On Sunday, December 3 at 3 pm Eastern Time, Professor Gregory Gbur will be with us for a Casual Conversation. He is Professor of Physics And Optical Science at the University of North Carolina at Charlotte. Professor Gbur is the author mist recently of Invisibility: The History and Science of How Not to Be Seen (Yale University Press 2003).
Professor Gbur’s book came to my attention through a very positive review by Richard Dunn, Keeper of Technologies and Engineering at the Science Museum, London, in the Times Literary Supplement (28 July 2023):
"Ten years ago, a Chinese team of scientists announced the creation of a calcite “cloak” large enough to make a cat invisible. It wasn’t quite Harry Potter, but it was a big step away from make-believe. This is home territory to Gregory J. Gbur, a professor of physics and optical science, who makes an informed guide to the history of invisibility from fantasy to active research-field. His book, Invisibility: The history and science of how not to be seen, is not about camouflage or simply not being visible – sitting in the dark, say, or hiding behind a sofa. Rather, it explores the possibilities of manipulating light to make an object harder to see, and of rendering visible things that are normally hidden, such as the insides of our bodies.
. . .
Gbur is also interested in how works of fiction have featured invisibility (he includes an “invisibibliography”). He favours stories that attempt some scientific explanation, using them as snapshots of the popular understanding of their time. . . . Gbur likes writing that can be read as prophetic. A perfectly black paint that reflects no light in Jack London’s “The Shadow and the Flash” (1906) seems to prefigure Vantablack, announced in 2014 as the world’s blackest material. And a piece by Hugo Gernsback for Science and Invention in 1921 imagines future doctors being able to image a patient’s internal organs, seemingly a foretaste of today’s CT scans."

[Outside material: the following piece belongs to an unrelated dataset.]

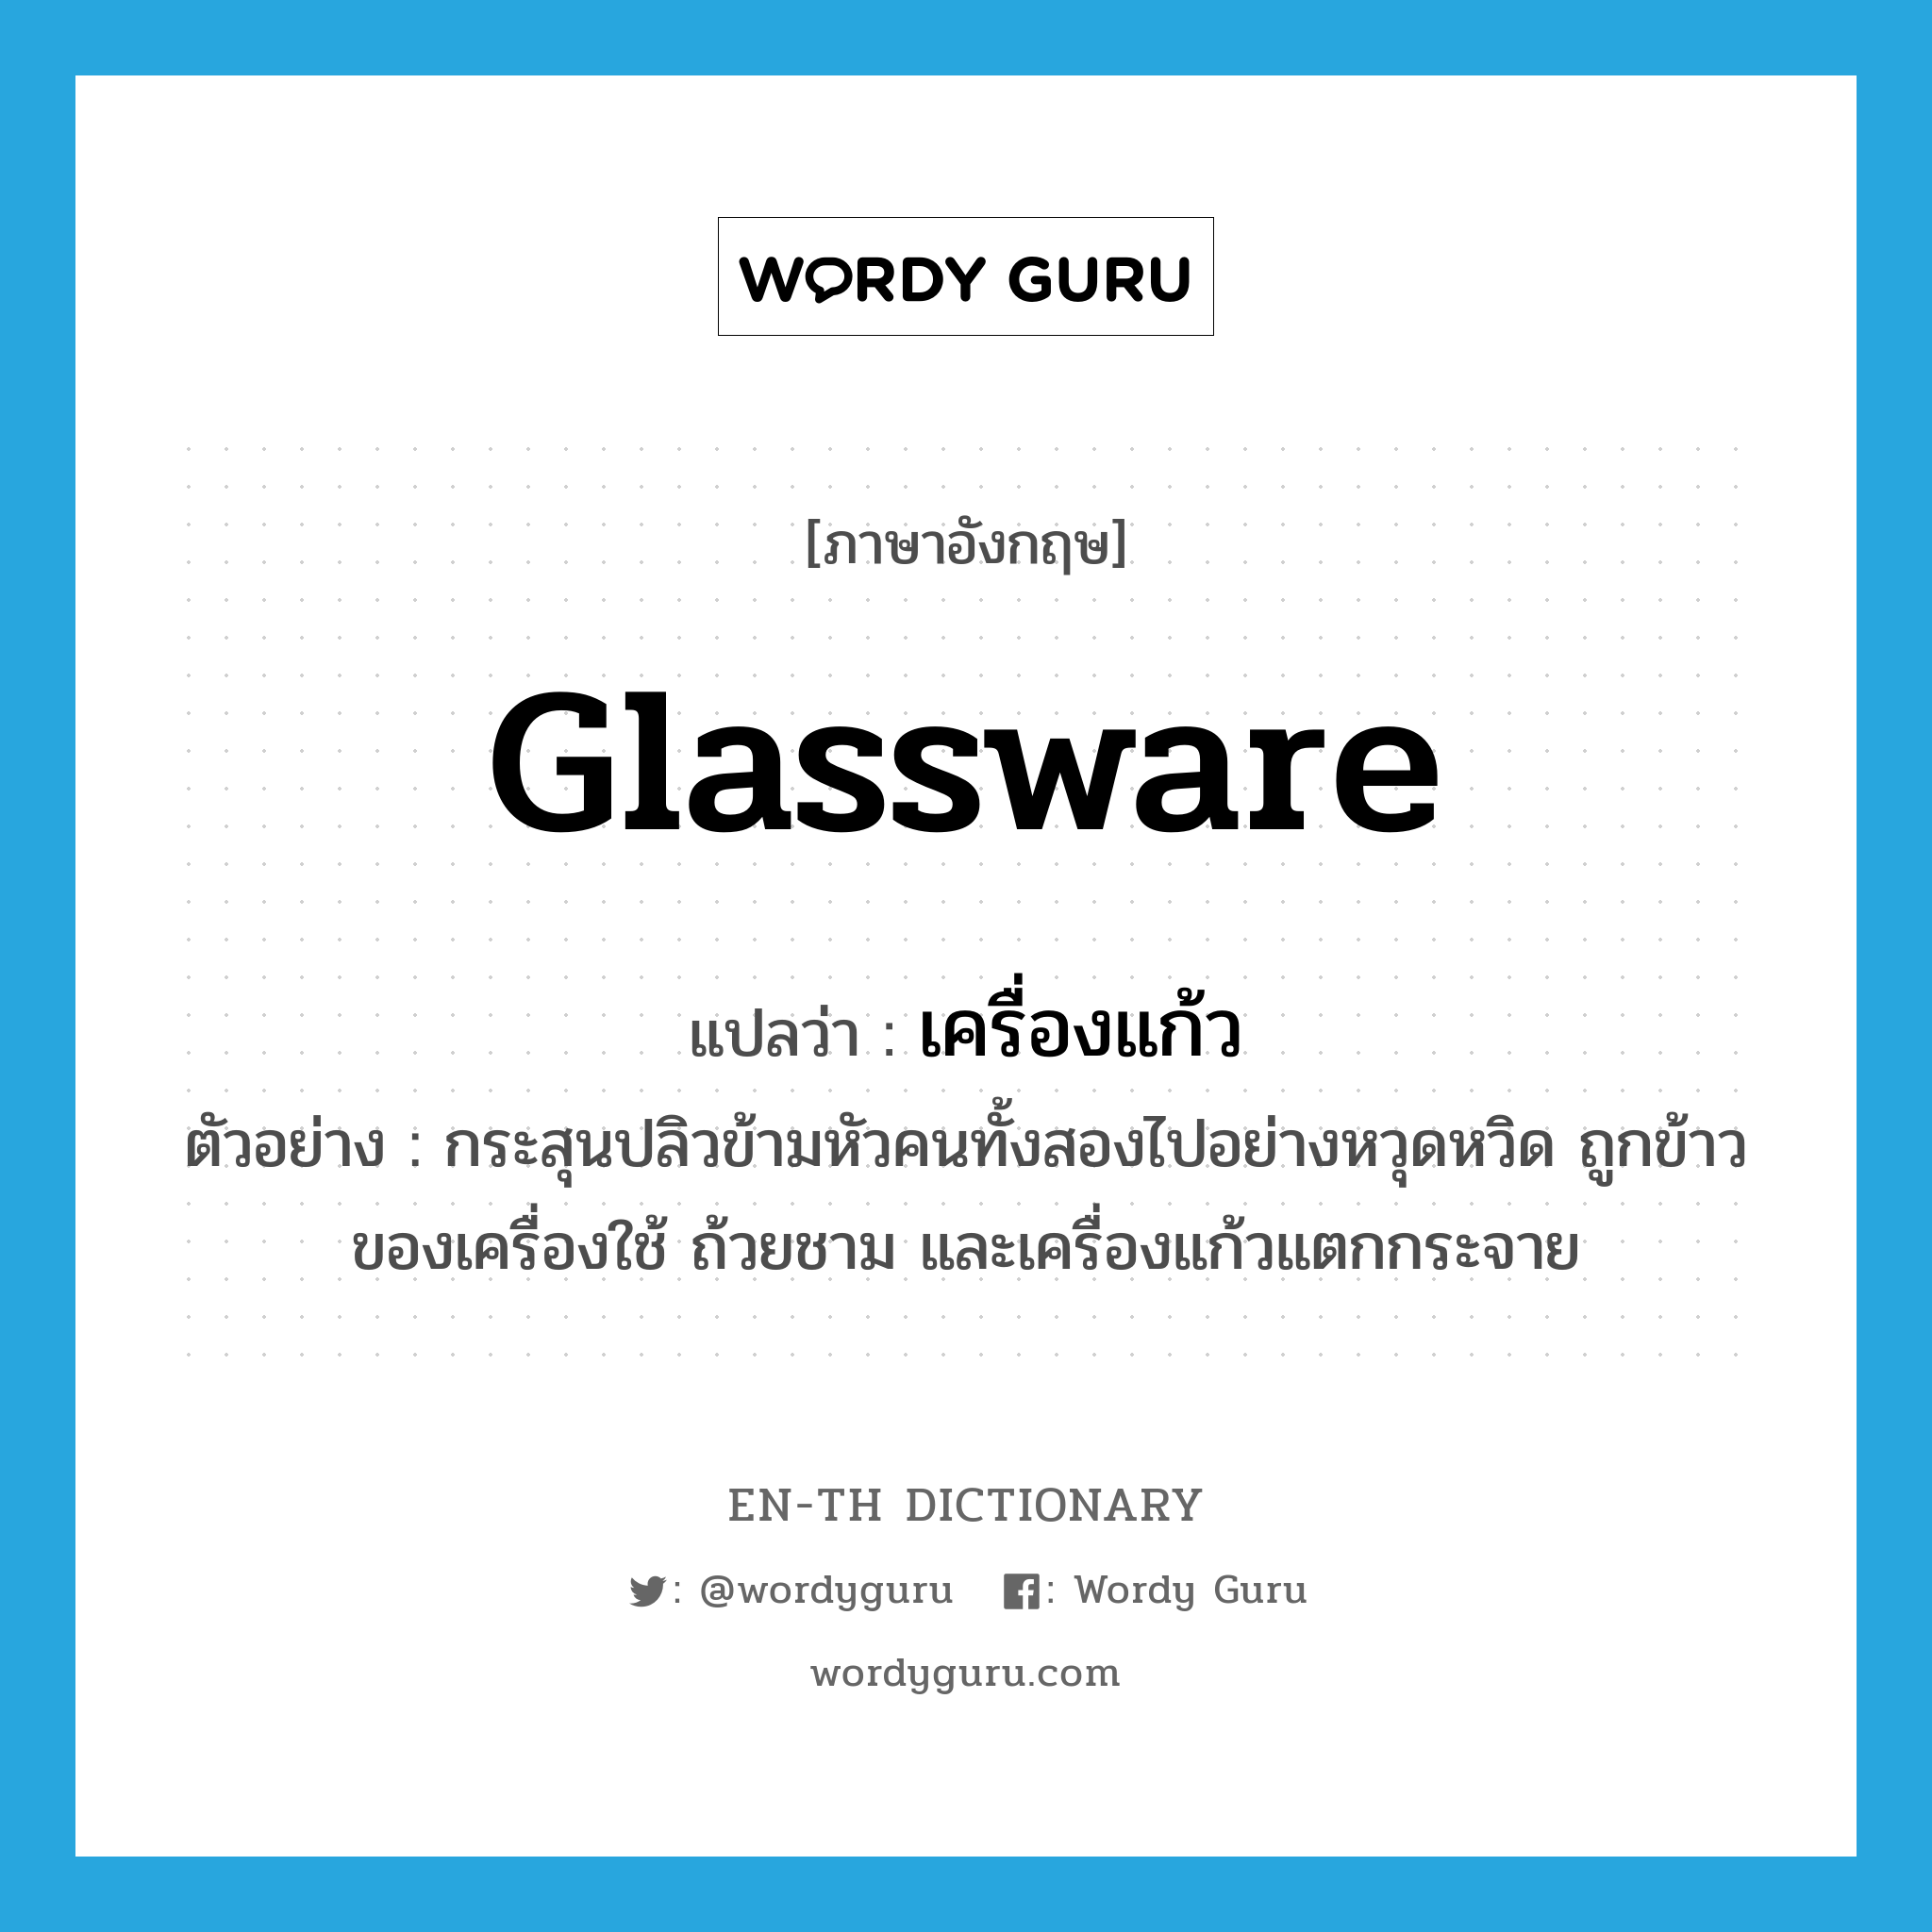 glassware แปลว่า?, คำศัพท์ภาษาอังกฤษ glassware แปลว่า เครื่องแก้ว ประเภท N ตัวอย่าง กระสุนปลิวข้ามหัวคนทั้งสองไปอย่างหวุดหวิด ถูกข้าวของเครื่องใช้ ถ้วยชาม และเครื่องแก้วแตกกระจาย หมวด N

It is this bringing together of the human imagination as expressed through science fiction and science exploration that fascinates Professor Gbur, and ought to intrigue us. The horror movie of H.G. Wells’s The Invisible Man (1933) with Claude Rains as the man who appears only as a voice until the very end of the film, imagines Rains as invisible without a road back to being seen, a scientist driven mad by the potion he has imbibed and imagining the supreme power that he will exercise by being able to act in the world without being seen. He is, of course, careful to explain to his assistant that he is not to be seen for several hours after eating because the food in his GI tract will be visible while his skin, bones, and organs will not.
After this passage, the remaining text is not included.